Then MySQL will use the key as if its only defined as including columns l_partkey and l_quantity and will not filter using the columns l_shipmode and l_shipinstruct. And so all rows matching condition l_partkey = x and and l_quantity >= 1 and l_quantity <= 1+10 will be fetched from the Primary Key and returned to MySQL server which will then in turn apply the remaining parts of the WHERE clause l_shipmode in ('AIR', 'AIR REG') and l_shipinstruct = 'DELIVER IN PERSON'. So clearly if you have thousands of rows that match l_partkey and l_quantity but only a few hundred that match all the condition, then obviously you would be reading a lot of unnecessary data.

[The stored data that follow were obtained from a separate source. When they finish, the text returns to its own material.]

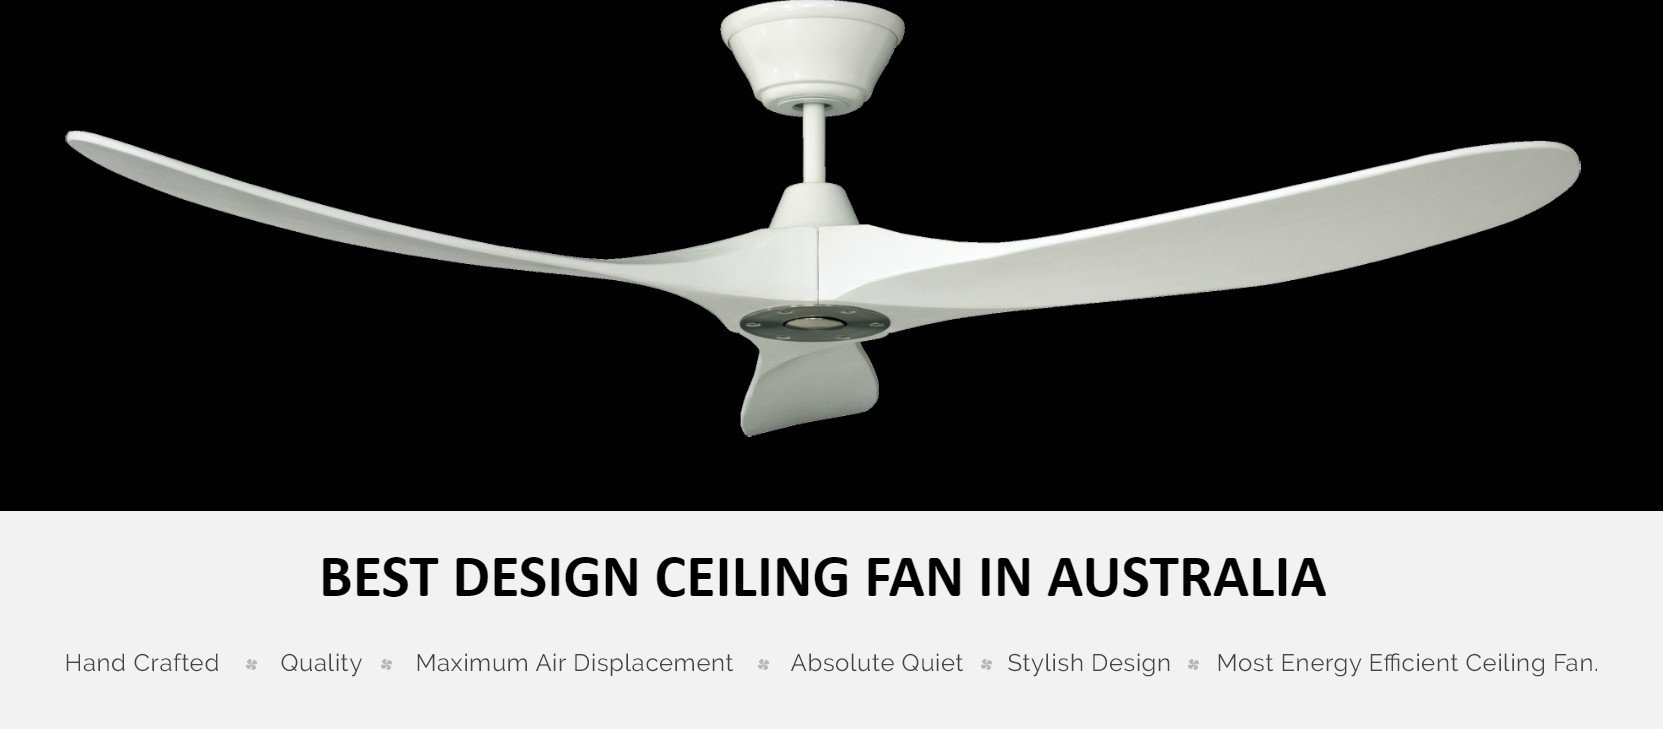 Buy fans online fan shop best online fans shop sydney australia the best ceiling fans online in australia aloadofball Image collections
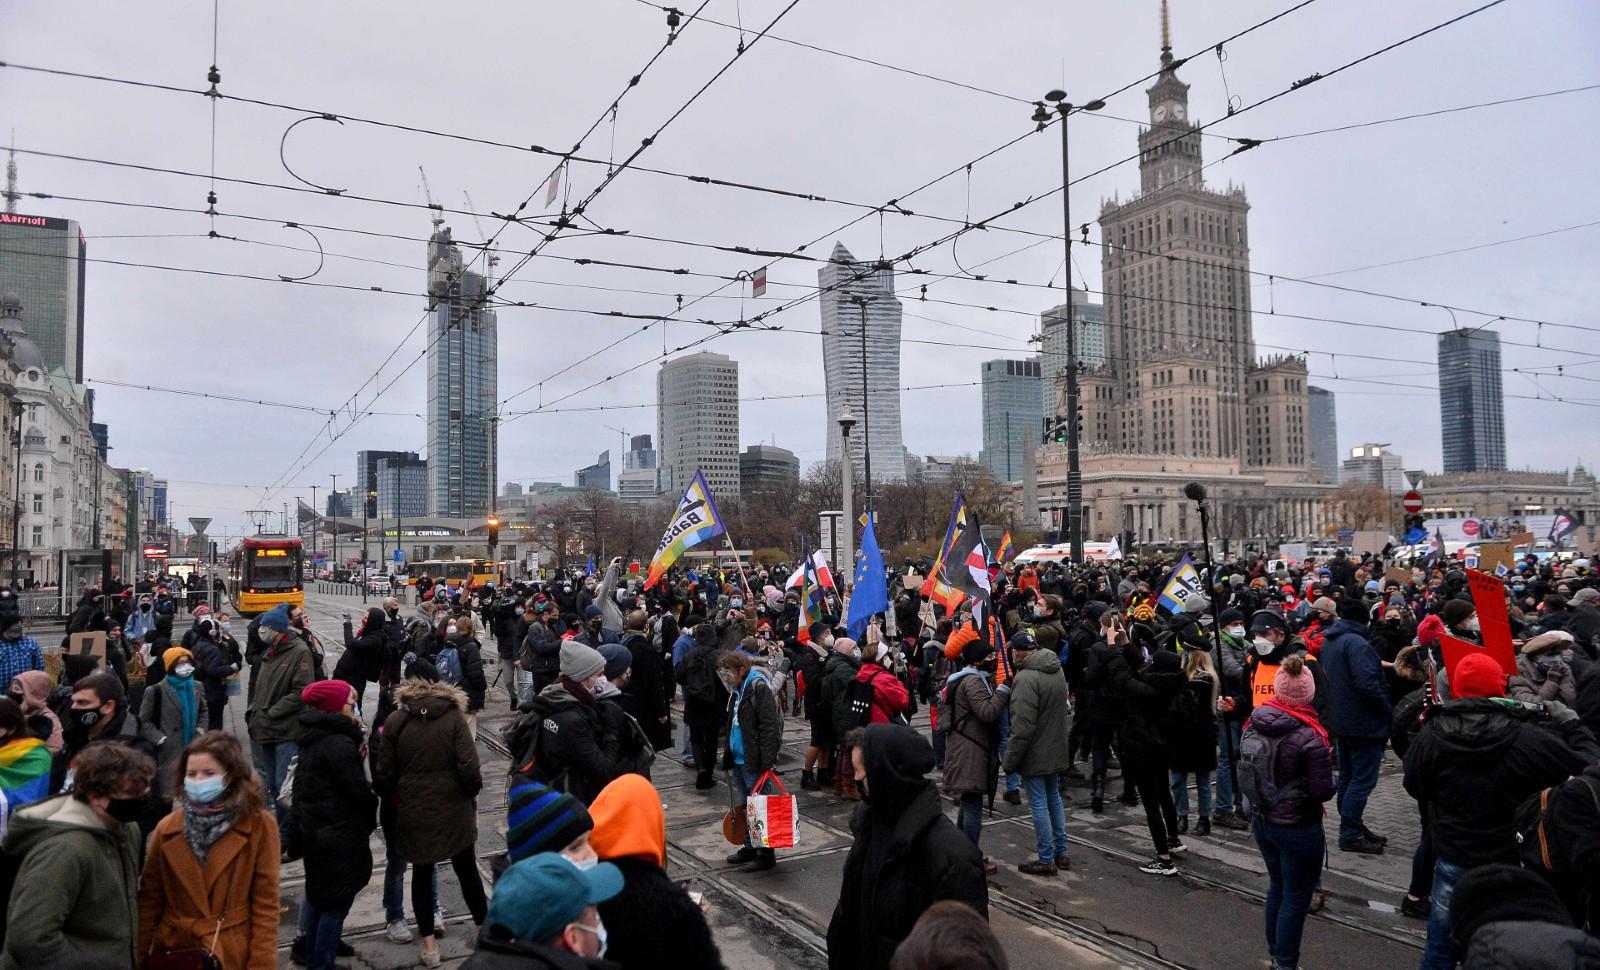 Manifestation féministe à Varsovie, le 28 novembre 2020. © Marcin Wziontek/Shutterstock/SIPA Numéro de reportage : Shutterstock40809132_000084
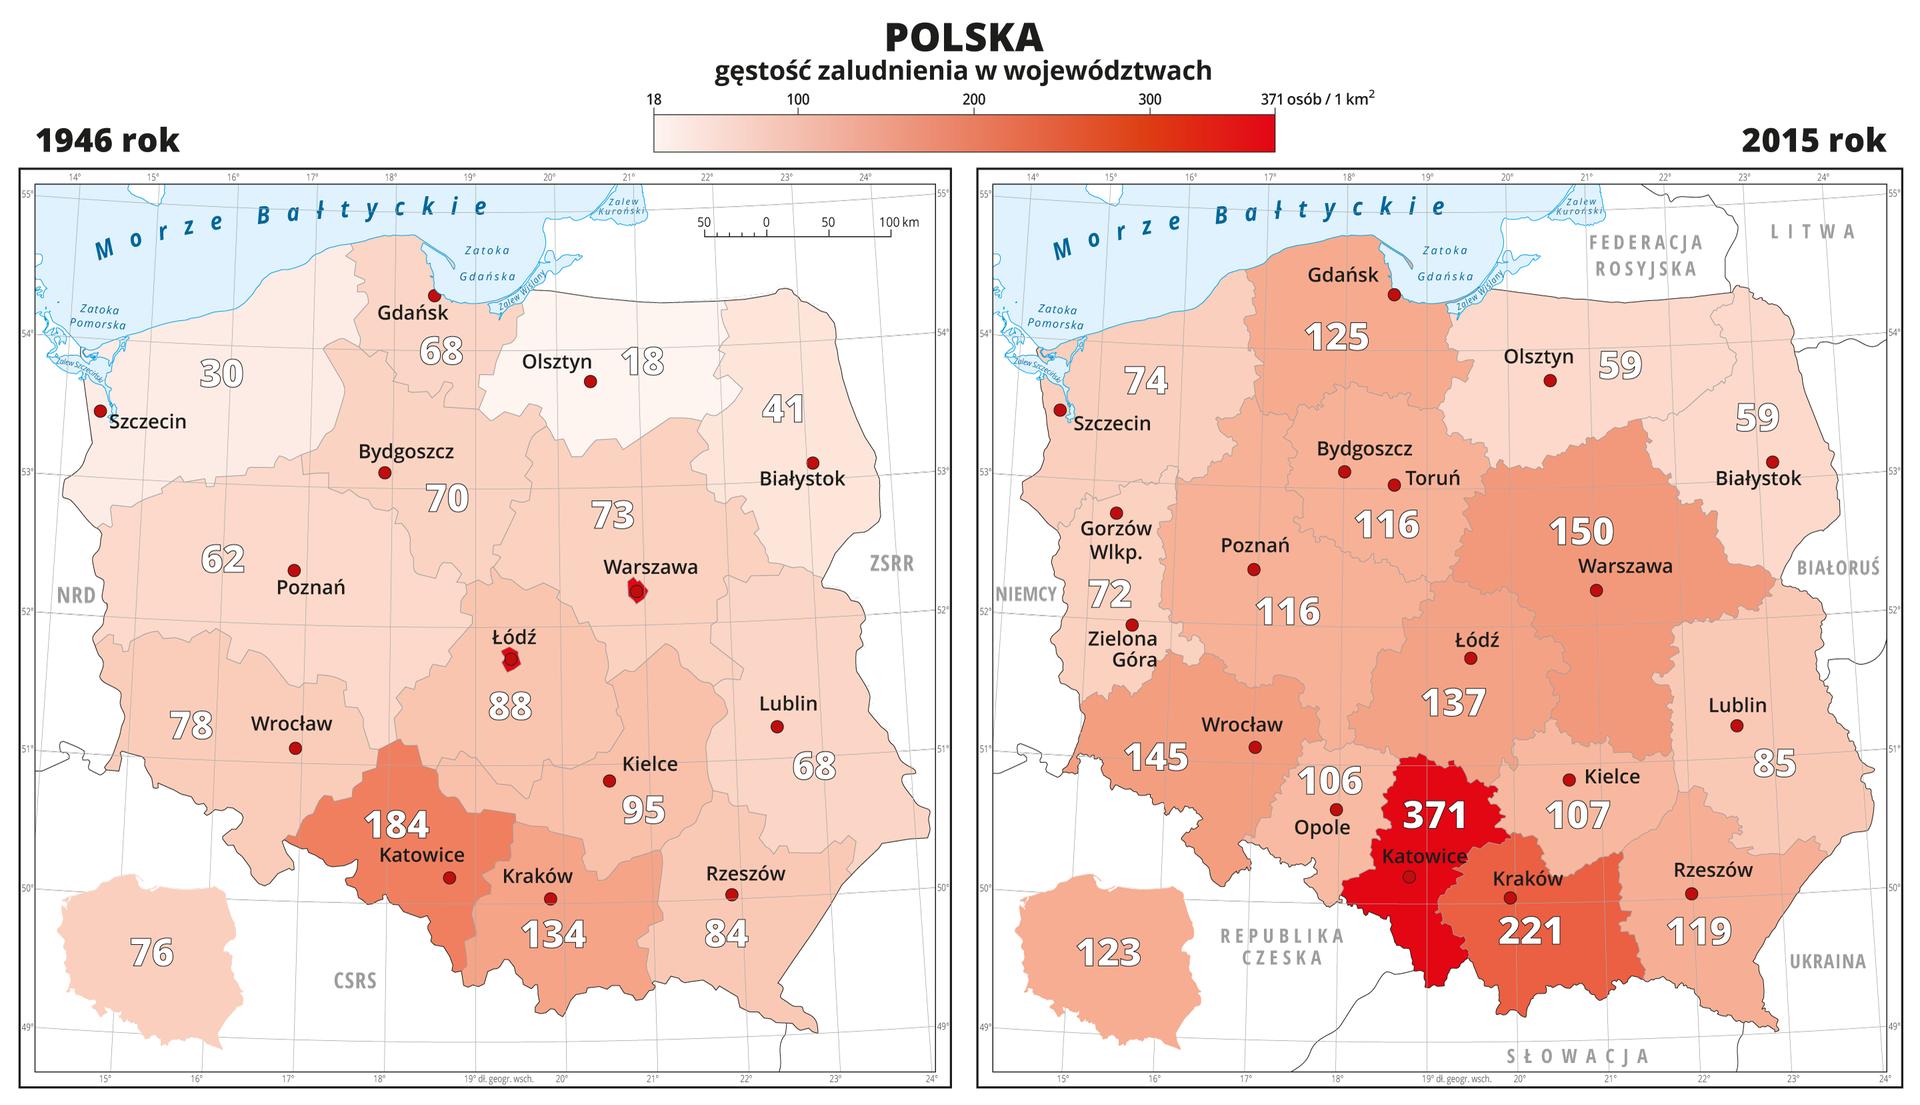 Ilustracja przedstawia dwie mapy Polski zpodziałem na województwa iobrazuje gęstość zaludnienia wtysiąc dziewięćset czterdziestym szóstym roku idwa tysiące piętnastym roku. Granice województw zaznaczone są białą linią. Czerwonymi kropkami zaznaczono miasta wojewódzkie. Odcieniami koloru pomarańczowego oznaczono liczbę mieszkańców na jeden kilometr kwadratowy według województw. Największa gęstość zaludnienia na obu mapach jest wwojewództwie śląskim (184 i371) imałopolskim (dawniej krakowskim) (134 i221). Najniższa gęstość zaludnienia jest wobu przypadkach wwojewództwie warmińsko-mazurskim (dawniej olsztyńskim) (18 i59). Na pierwszej mapie wartości dla poszczególnych województw są średnio dwa razy mniejsze niż na drugiej iwynoszą od osiemnastu do stu osiemdziesięciu czterech osób na kilometr kwadratowy. Na drugiej mapie wynoszą odpowiednio od pięćdziesięciu dziewięciu do trzystu siedemdziesięciu jeden. Podano średnią wartość gęstości zaludnienia dla Polski wobu latach – 76 i123. Mapy pokryte są równoleżnikami ipołudnikami. Dookoła map wbiałych ramkach opisano współrzędne geograficzne co jeden stopień.

This is where ICP comes into play. With ICP, the server pushes down all conditions of the WHERE clause that match the key definition to the storage engine and then filtering is done in two steps:

  • Filter by the prefix of the index using traditional B-Tree index search
  • Filter by applying the where condition on the index entries fetched

You can read more about index condition pushdown as available in MySQL 5.6 here:
http://dev.mysql.com/doc/refman/5.6/en/index-condition-pushdown-optimization.html
and as available in MariaDB 5.5 here:
http://kb.askmonty.org/en/index-condition-pushdown

Now let's take a look at the benchmarks to see how much difference does this really make.

Benchmark results

For the purpose of this benchmark I used TPC-H Query #19 and ran it on TPC-H dataset (InnoDB tables) with scale factors of 2 (InnoDB dataset size ~5G) and 40 (InnoDB dataset size ~95G), so that I could see the speedup in case of in-memory and IO bound workloads. For the purpose of these benchmarks query cache was disabled and the buffer pool size was set to 6G.

The query is:

select
        sum(l_extendedprice* (1 - l_discount)) as revenue
from
        lineitem force index(i_l_partkey),
        part
where
        (
                p_partkey = l_partkey
                and p_brand = 'Brand#45'
                and p_container in ('SM CASE', 'SM BOX', 'SM PACK', 'SM PKG')
                and l_quantity >= 1 and l_quantity <= 1+10
                and p_size between 1 and 5
                and l_shipmode in ('AIR', 'AIR REG')
                and l_shipinstruct = 'DELIVER IN PERSON'
        )
        or
        (
                p_partkey = l_partkey
                and p_brand = 'Brand#24'
                and p_container in ('MED BAG', 'MED BOX', 'MED PKG', 'MED PACK')
                and l_quantity >= 14 and l_quantity <= 14+10
                and p_size between 1 and 10
                and l_shipmode in ('AIR', 'AIR REG')
                and l_shipinstruct = 'DELIVER IN PERSON'
        )
        or
        (
                p_partkey = l_partkey
                and p_brand = 'Brand#53'
                and p_container in ('LG CASE', 'LG BOX', 'LG PACK', 'LG PKG')
                and l_quantity >= 28 and l_quantity <= 28+10
                and p_size between 1 and 15
                and l_shipmode in ('AIR', 'AIR REG')
                and l_shipinstruct = 'DELIVER IN PERSON'
        )

There are two changes that I made to the query and the TPC-H tables' structure.
- Added a new index: KEY `i_l_partkey` (`l_partkey`,`l_quantity`,`l_shipmode`,`l_shipinstruct`)
- Added an index hint in the query: lineitem force index(i_l_partkey)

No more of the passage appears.